Можно отдать должное наступившей свободе печати — при Анне Иоанновне едва ли кто отважился публично обнаружить у Бирона «зловредность» и прочие перечисленные качества. Но теперь ему, бывшему всемогущему регенту Российской империи, к чьему мнению прислушивались венский и лондонский дворы, когда-то дававшему в долг самому Фридриху Прусскому, приходилось терпеть эти мелкие укусы и взаимное поливание грязью.

Ссылка не сломила герцога, но он был уже стар, устал и к тому же понимал, что его власть и независимость призрачны. Обстоятельства его второго «восшествия» на престол показали, что Россия взяла курс на раскол курляндского дворянства и впервые открыто поддержала часть его для свержения неугодного герцога. Что мешало повторить этот опыт еще раз — притом неугодным мог стать он сам?

Основания для таких опасений были. Бароны были недовольны условиями герцогского договора с Россией, утвердившего постоянное пребывание российской армии, ограничение курляндского экспорта и преимущества российских купцов. Хотя протест Гейкинга был отклонен королем и даже сожжен на рыночной площади Варшавы, несколько курляндских ландтагов так и не решили вопрос о присяге «рыцарства» герцогу, так как недовольных было слишком много. В марте 1765 года депутаты ландтага отвергли попытки герцога увеличить поборы в казну, рассматривая его право собирать налоги на содержание войска вместо рыцарского ополчения как «давно забытую военную повинность» и проявление «нероновской тирании». Ландтаг отправил послов в Варшаву с протестом против действий Бирона, ущемлявших права дворянства. Не добившись успеха у короля, бароны неоднократно требовали явки своего герцога к суду: Бирона обвиняли в том, что он, опираясь на силу, незаконно захватил власть и герцогские доходы, не соблюдал «форму правления», без решения суда и ландтага назначил новых гауптманов и ландгофмейстера и передал им арендные владения прежних должностных лиц.[329] К тому же Бирон не простил «карлистов»: с одними он разрывал договоры об аренде герцогских имений, с других (уплативших арендные сборы Карлу) взимал повторную арендную плату. Все эти меры проводились под угрозой или с применением силы российскими войсками.
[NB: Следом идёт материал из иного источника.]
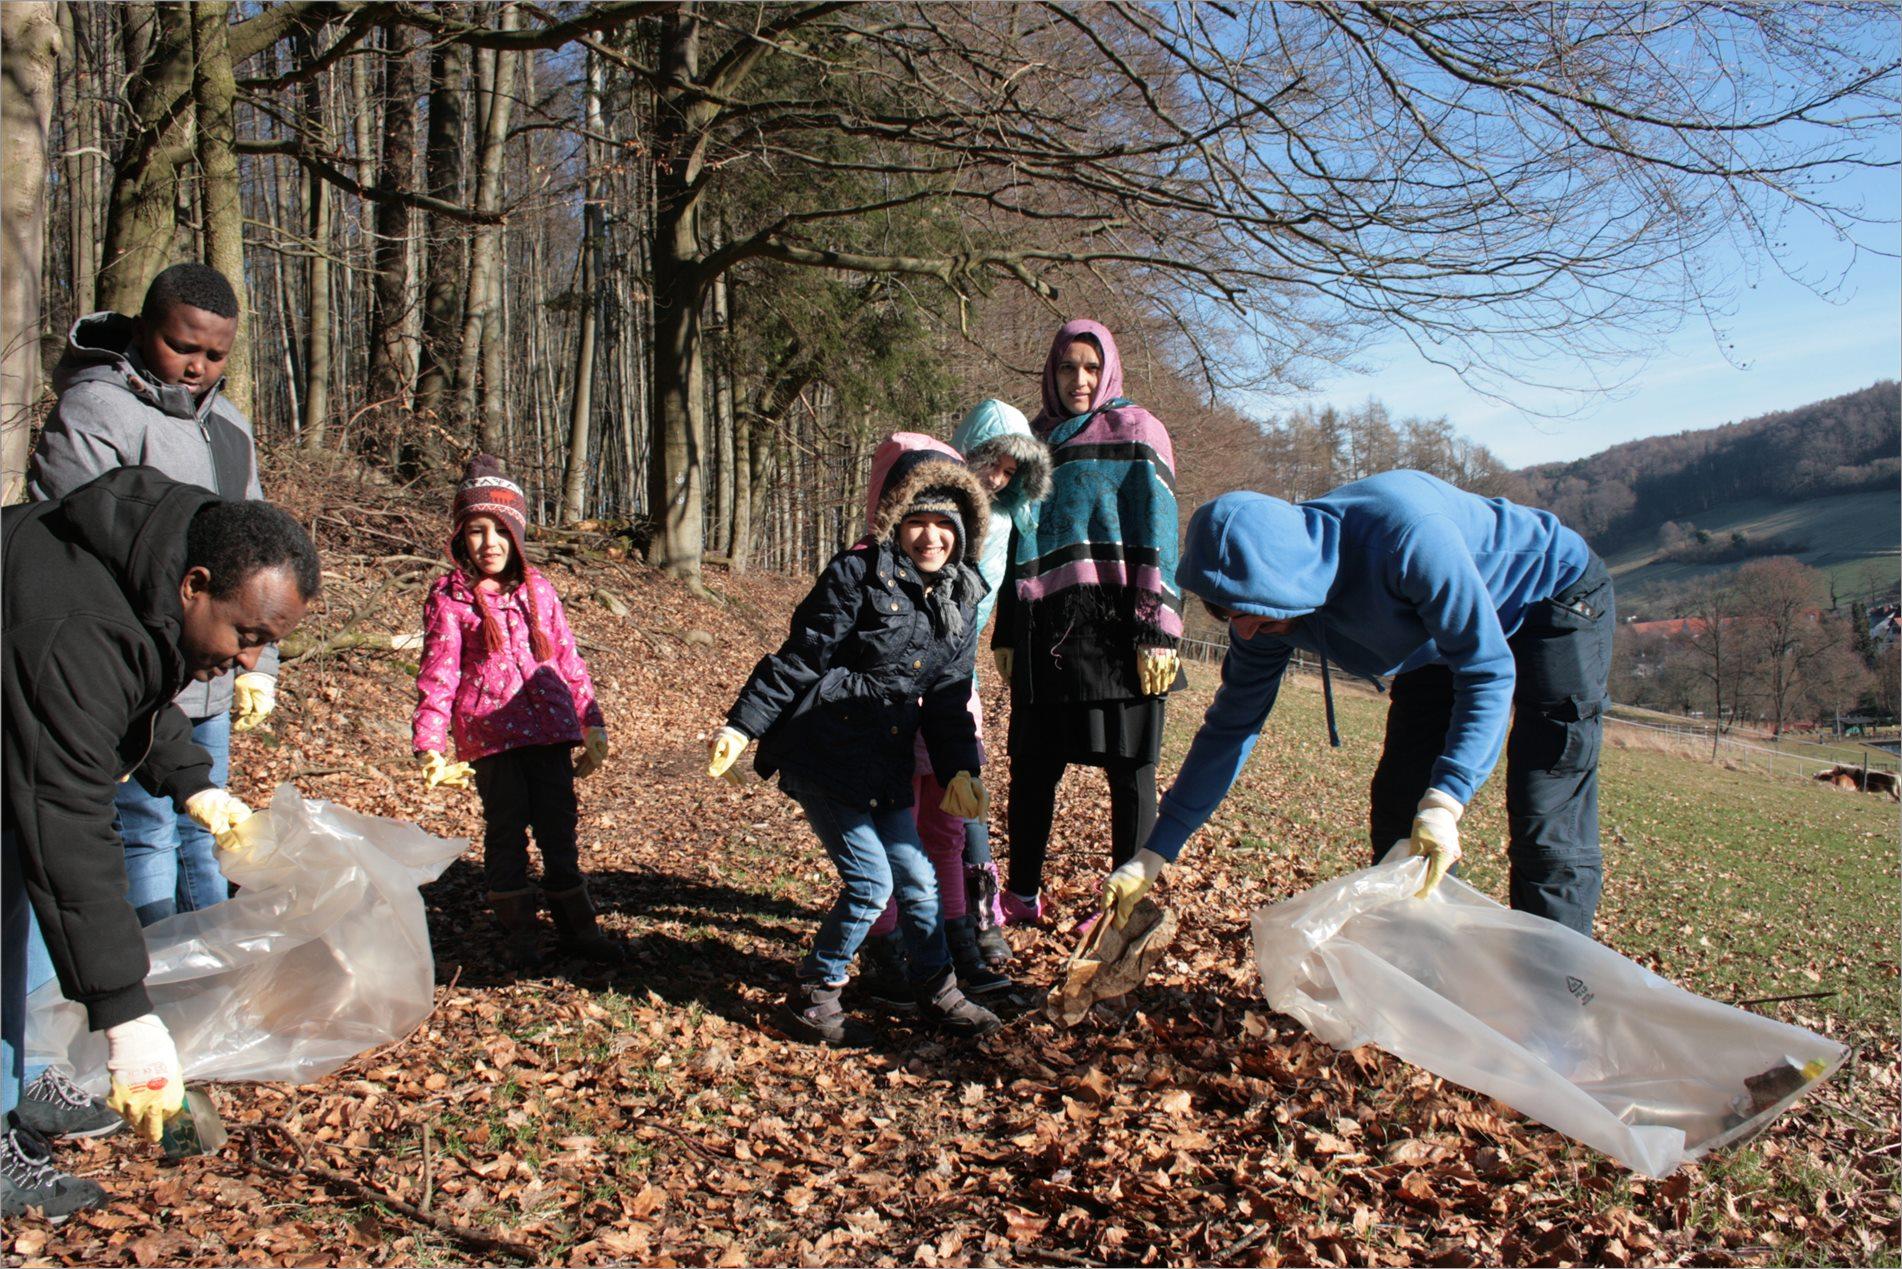 Aktion saubere Landschaft in Fischbachtal 2017 - Foto Stefanie Steinert

Хотя после смерти Августа III претензии принца Карла на курляндский престол стали беспочвенными, Бирон терял сторонников. Многие воздержались от присяги; другие (ландгофмейстер Ховен, обер-гауптманы Гейкинг и Мирбах, ряд гауптманов) перешли в открытую оппозицию. Побывавший в Курляндии князь М. Дашков в марте 1764 года полагал даже, что Бирону «без русских солдат отнюдь здесь не княжествовать: столько от курляндских дворян непочтен». В 1766 году Екатерина уже открыто пригрозила противникам герцога, что прикажет «корпусу войск своих в Курляндию вступить и расположить в маетностях противомышленников и ослушников на собственное содержание их». Но сама она уже смотрела на «собственного герцога» как на вздорного старика, не выучившегося к 70 годам «ласково и учтиво обходиться с людьми». Ему же она терпеливо указывала, что «предпочтительнее достигать намерения своею умеренностью, нежели силою».
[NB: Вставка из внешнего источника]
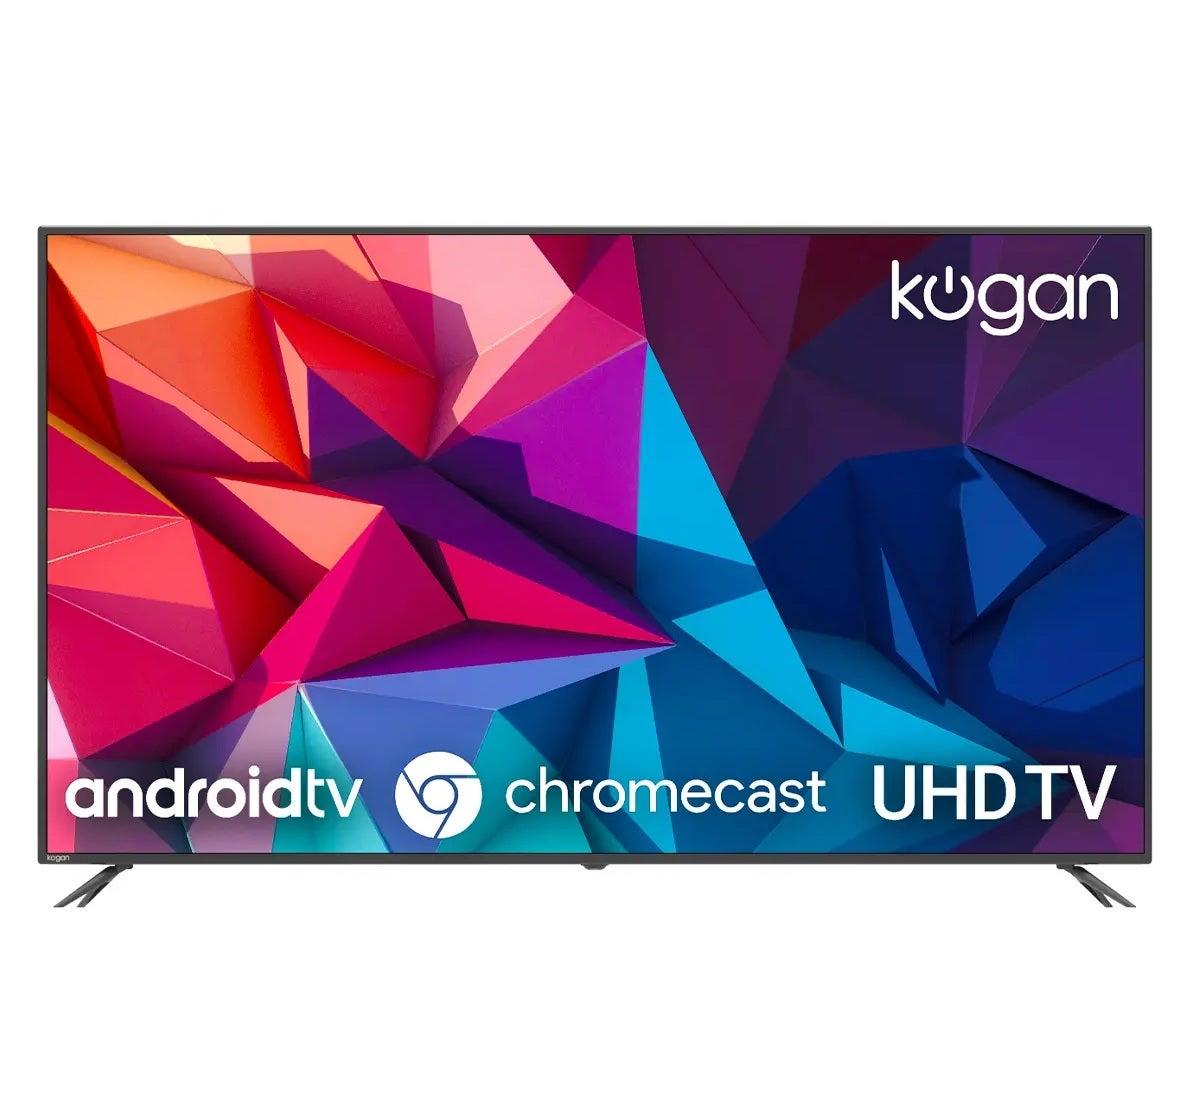 Kogan RT9220 75inch UHD LED TV

Посла Симолина беспокоило, что герцог не отмечал «ласками» и наградами преданных дворян и в то же время не проявлял твердости в обращении с противниками, хотя порой и грозил их «разорить». Но ради чего было стараться? Некогда энергичный и властный, Бирон теперь все меньше занимался делами, передавая их старшему сыну Петру. Что же осталось от былого величия? Пожалуй, только любимые резиденции и дворцы, напоминавшие о лучших днях, силе и славе. Уже в 1763 году замершее на двадцать с лишним лет строительство было возобновлено. Многое приходилось создавать заново: паркет, деревянные панели, печи, живописные плафоны в свое время были отправлены в Петербург и теперь украшали залы Летнего, Зимнего и Аничкова дворцов. Бирон без особого труда уговорил великого Растрелли переехать в Митаву и назначил его «обер-интендантом герцогских построек». Но для самого зодчего — «обер-архитектора, генерал-майора и кавалера графа де Растрелли» — это был уже закат карьеры. Его время также закончилось, и императорский двор более не нуждался в его причудливой барочной роскоши.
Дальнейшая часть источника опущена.